O tenente-coronel Mauro Cid fechou sua delação premiada em setembro de 2023.
Naquela época, o pedido do PT para revisar a lei da delação premiada já descansava nos escaninhos do ministro do Supremo Tribunal Federal Alexandre de Moraes há mais de dois anos. A solicitação do partido, feita pelos advogados Lenio Streck, André Trindade, Marco Aurélio de Carvalho e Fabiano Santos, é de dezembro de 2021.
Cid prestou vários depoimentos à Polícia Federal, alterando versões e implicando mais pessoas. Nos depoimentos iniciais, “esqueceu” que o general Braga Netto carregava uma sacola de dinheiro. Deu sérias indicações de não ser um delator confiável. Sua delação foi mantida por Moraes e referendada pelo plenário do STF, caso contrário corria o risco de toda a trama golpista ser desmontada, livrando o ex-presidente Jair Bolsonaro da prisão.
Naquele momento, na visão de Moraes, não havia necessidade de aprimorar o ordenamento jurídico, afinal o pedido do PT já havia sido feito e poderia ter sido desengavetado. Nesta quarta-feira, 8, o ministro ressuscitou a Ação Direita de Preceito Fundamental (ADPF) e levou ao presidente do Supremo, Edson Fachin, para que coloque em votação. O que será que mudou para que Moraes perceba que agora há uma súbita necessidade de mudança nas regras da colaboração premiada?
É impossível ignorar a conjuntura. O que mudou é que o banqueiro Daniel Vorcaro está na cadeia e mantinha relações muito próximas com ministros do Supremo, inclusive o próprio Moraes. O escritório de sua esposa recebeu R$ 80 milhões do Banco Master em dois anos, honorários considerados fora do padrão para a advocacia. Moraes voou oito vezes nos jatinhos da empresa de Vorcaro.
A proposição inicial feita pelos advogados do PT é genérica – tão genérica que qualquer conclusão de um eventual julgamento vai ficar por conta da criatividade dos ministros. Também fala em temas que, na prática, já fazem parte do dia a dia da aplicação da lei. Por exemplo, a delação cruzada. Desde o mensalão, juízes não permitem que a palavra de um delator corrobore a de outro.
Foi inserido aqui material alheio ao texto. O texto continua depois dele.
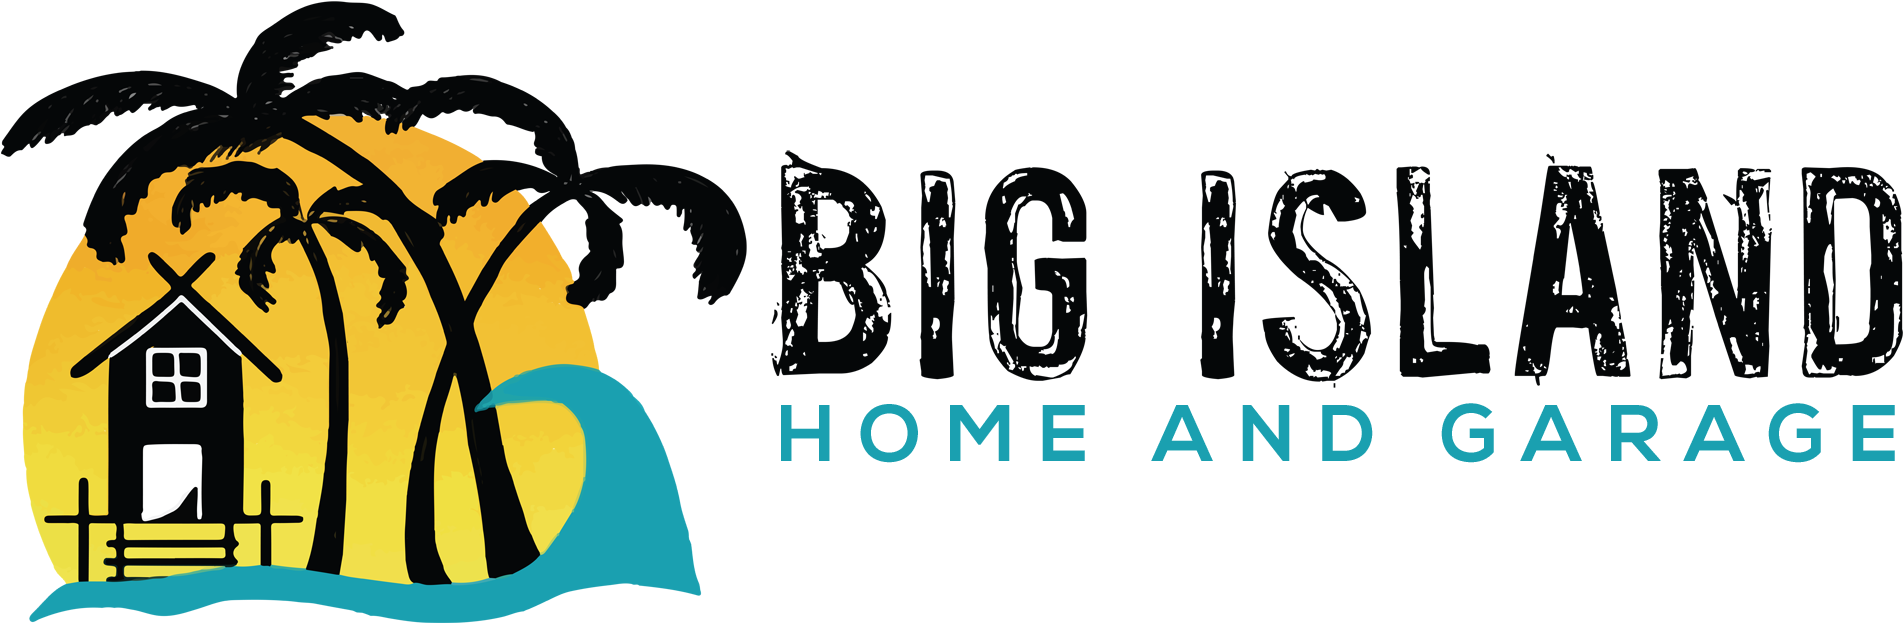 Big Island Home & Garage - Wwe One Night Stand (1944x639)

Em teoria, é preciso provas para condenar alguém
Não se defende aqui que a legislação da delação premiada seja imune à necessidade de aprimoramento. Alguém preso pode falar qualquer coisa para tentar ser solto. Também é preciso ter cuidado com os benefícios. Em busca de alcançar a alta cúpula do poder, malfeitores saem praticamente livres. No entanto, trata-se de expediente essencial para desbaratar organizações criminosas.
Fachin tem colocado para votar tudo que os ministros disponibilizam para julgamento, mas ainda não há previsão para a revisão da colaboração premiada. As pautas de abril e maio do STF já foram publicadas. É salutar que a mais alta Corte do País vote o que a sociedade demanda – o problema é votar com cinco anos de atraso.
Também nesta quarta-feira, o presidente Luiz Inácio Lula da Silva disse que recomendou a Moraes numa conversa reservada que se abstivesse de votar em qualquer tema relacionado ao caso Master. Candidato à reeleição, Lula está seriamente preocupado com o impacto eleitoral do caso Master. Não há nada que impeça Moraes de pautar ou votar uma tese sobre colaboração premiada. Mas vamos usar do bom senso e da ética: se o ministro pode ser alvo de uma colaboração iminente, ele tem interesse no tema. As pesquisas de opinião pública sobre a imagem do STF mostram que a população está atenta.
Por: Raquel Landim
Raquel Landim é colunista do Estadão e âncora do SBT News. Jornalista formada pela USP, já passou também pelas redações de Valor Econômico, Folha de S.Paulo e CNN Brasil. É autora de ‘Why Not’, livro reportagem sobre a delação da JBS.